Facebook announced today that it’s launching a new messaging platform that aims to own the conversation, no matter where it takes place.
Zuckerberg told an anecdote about chatting with high schoolers who don’t use email, because they think its too slow. Addresses, introductions, signing off, all these things slow the conversation down.
“Email is not a modern messaging system,” says Zuckerberg, dismissing the rumors that had been building over the last week. “We want Facebook users to be able to communicate seamlessly across email, IMs and text messages.”
The idea is that the conversation should be persistent and instananeous, no matter how the message originates or is received.
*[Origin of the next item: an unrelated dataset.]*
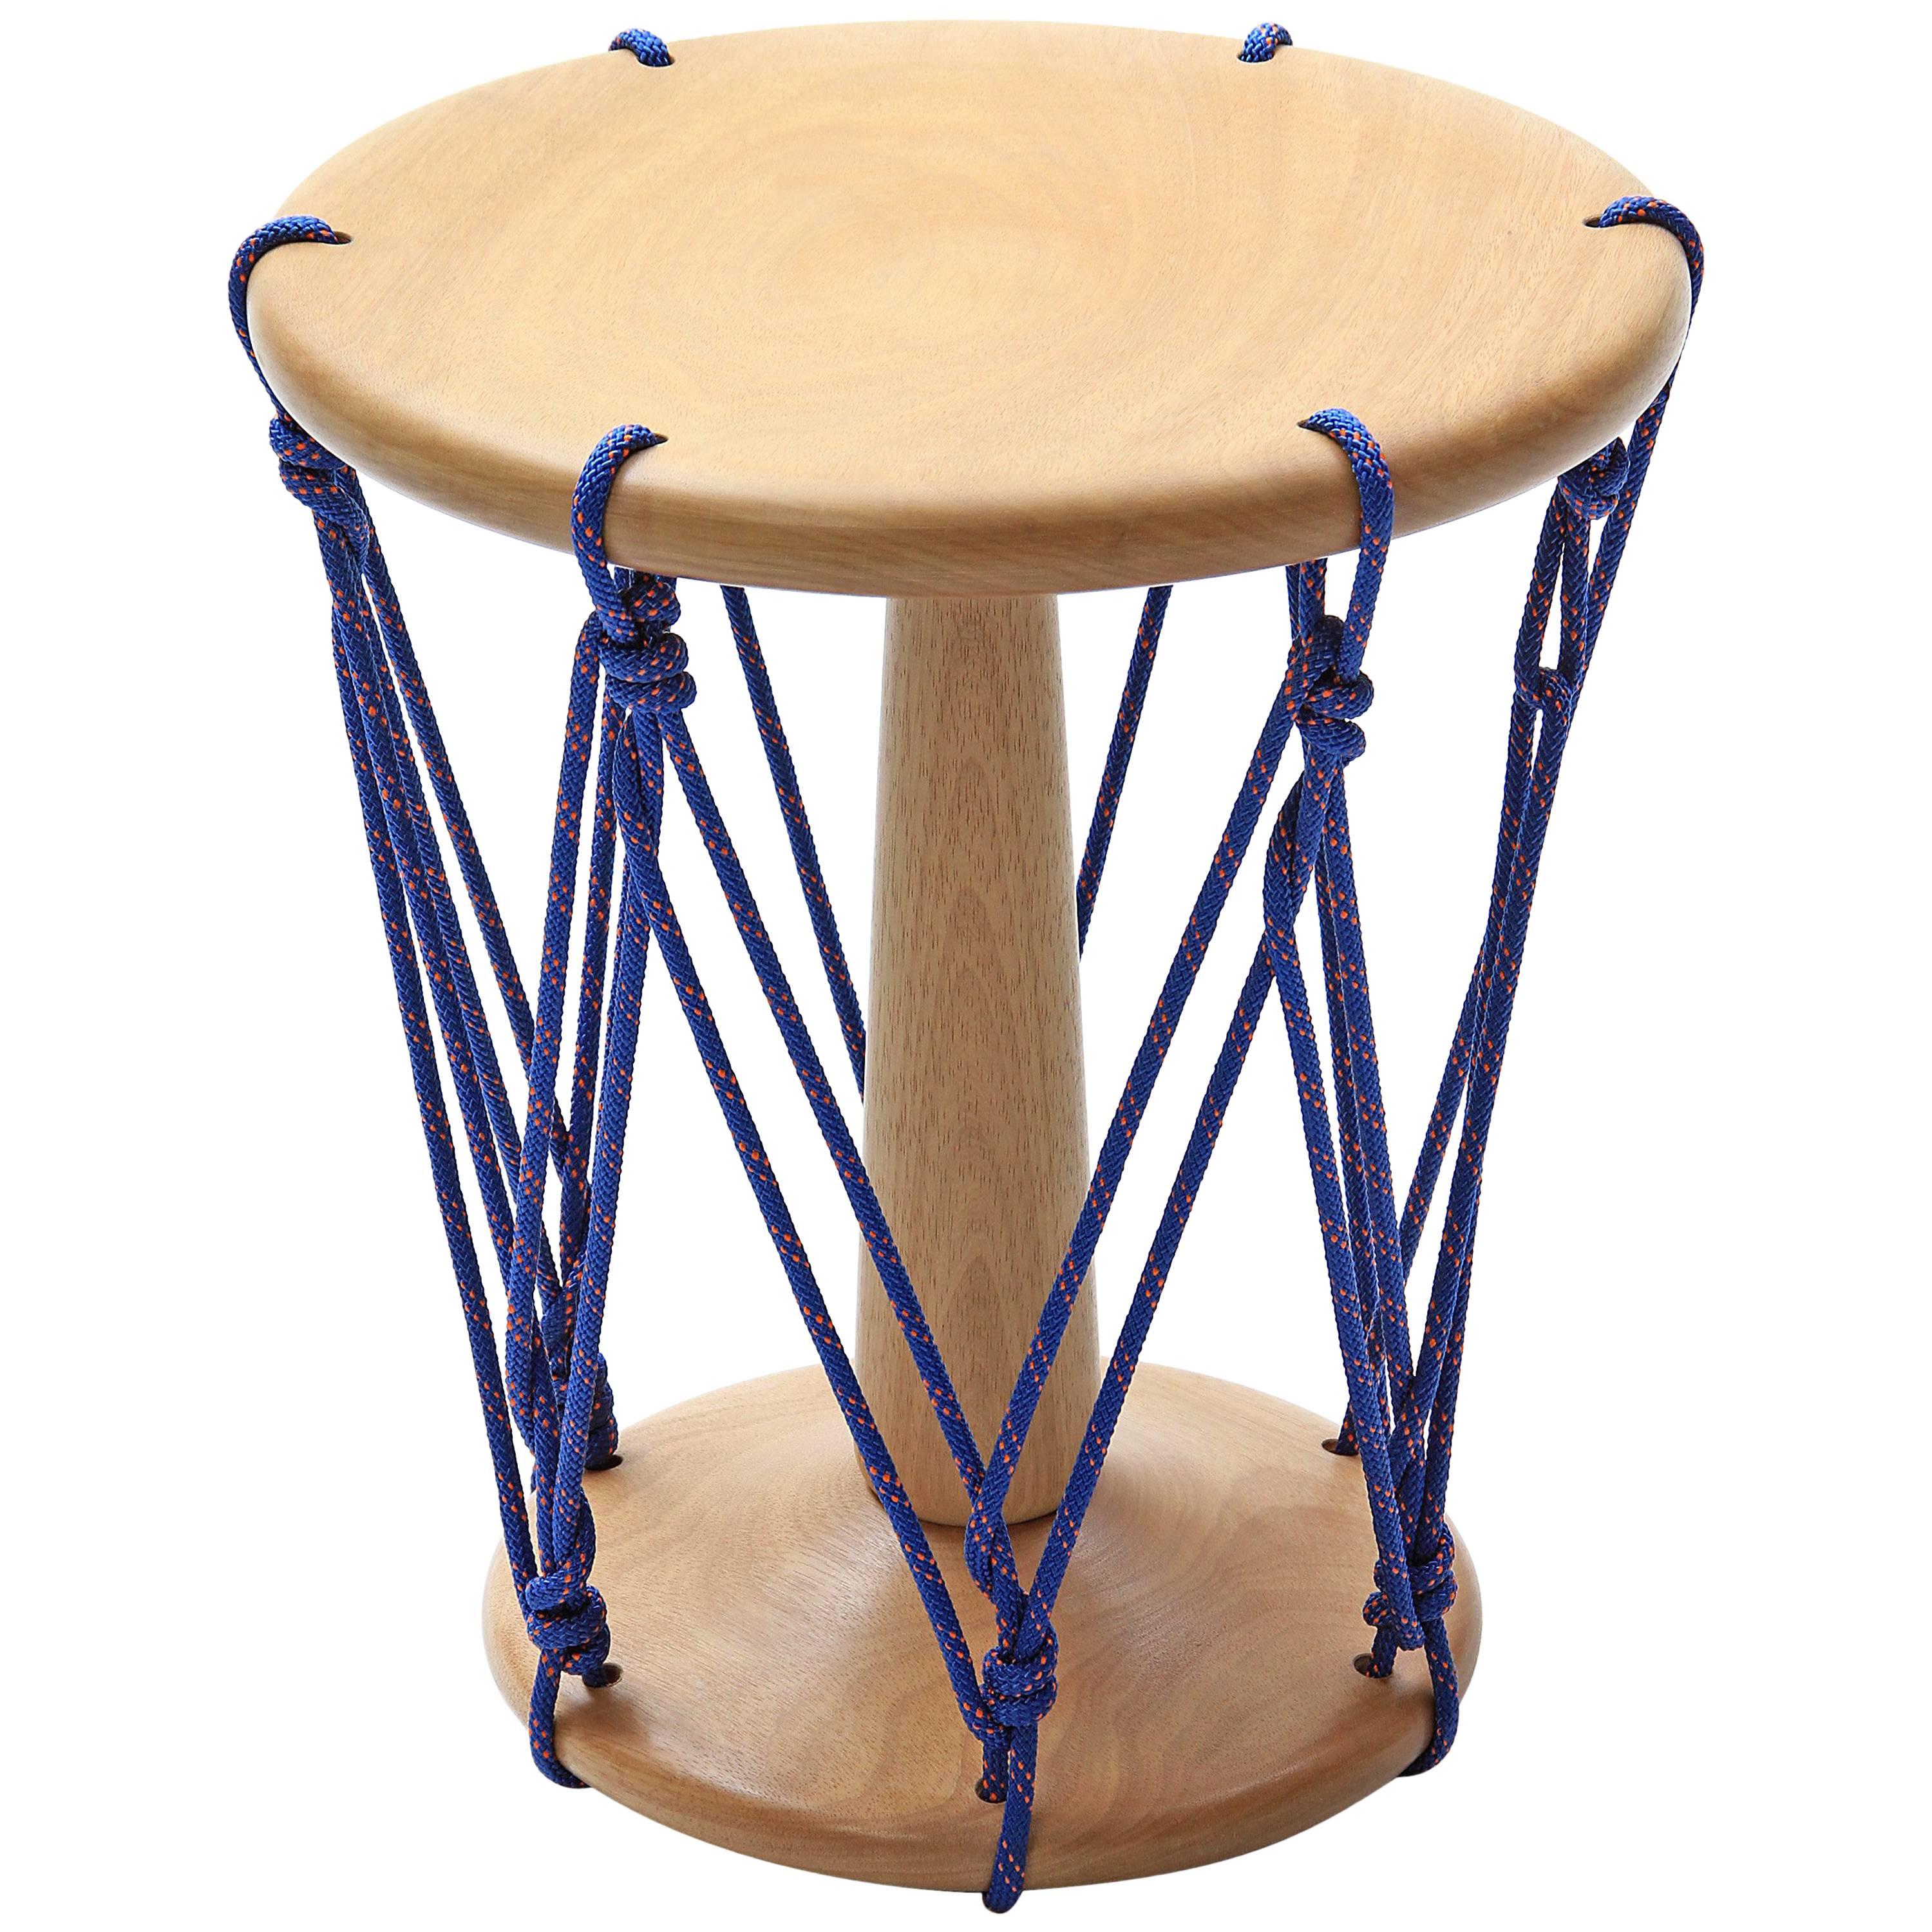 Baque Stool in Wood and Blue Cord, Contemporary Design For Sale

All Facebook users will now get a @facebook.com address
The second part is conversation history. “We think the email thread model is archaic,” says Zuckerberg. “One ongoing conversation, with a group or person gives users a full rich history.” All communication with individuals or groups will be stored in a single ongoing history, not broken up into threads like email.
The last, and most unique component, is the social inbox. “Because we know who your friends are, and who your friends friends are, we can do some really unique and powerful filtering.”
According to Zuckerberg, Facebook has been working on this new feature for more than a year with the biggest engineering team Facebook has ever put together for a product launch, 15, which is still tiny considering the scope of the project.
“Lot of press leading up to this called it a potential email killer,” says Zuckerberg. “We don’t expect anyone to wake up tomorrow and shut down Yahoo or Gmail and switch to Facebook only.”
So it’s not an email killer. Yet. “If we do a good job, six months from now, a year out, people will say hey, this is the way the future should work, maybe email just isn’t as important as is was before. We’re pushing things towards this seamless, simple, real time messaging, and we think that’s what people increasingly want.”
This is another attempt to vastly extend the scope of Facebook, which claims to already have 350 million users sending some 4 billion messages a day.
Zuckerberg says its fundamentally different from existing systems, which separate emails and IM. The seamless approach is interesting, but it’s not really so different from the integration of Google Talk with Gmail. It does seem to extend that model further, addings SMS and putting all the conversations in a single stream.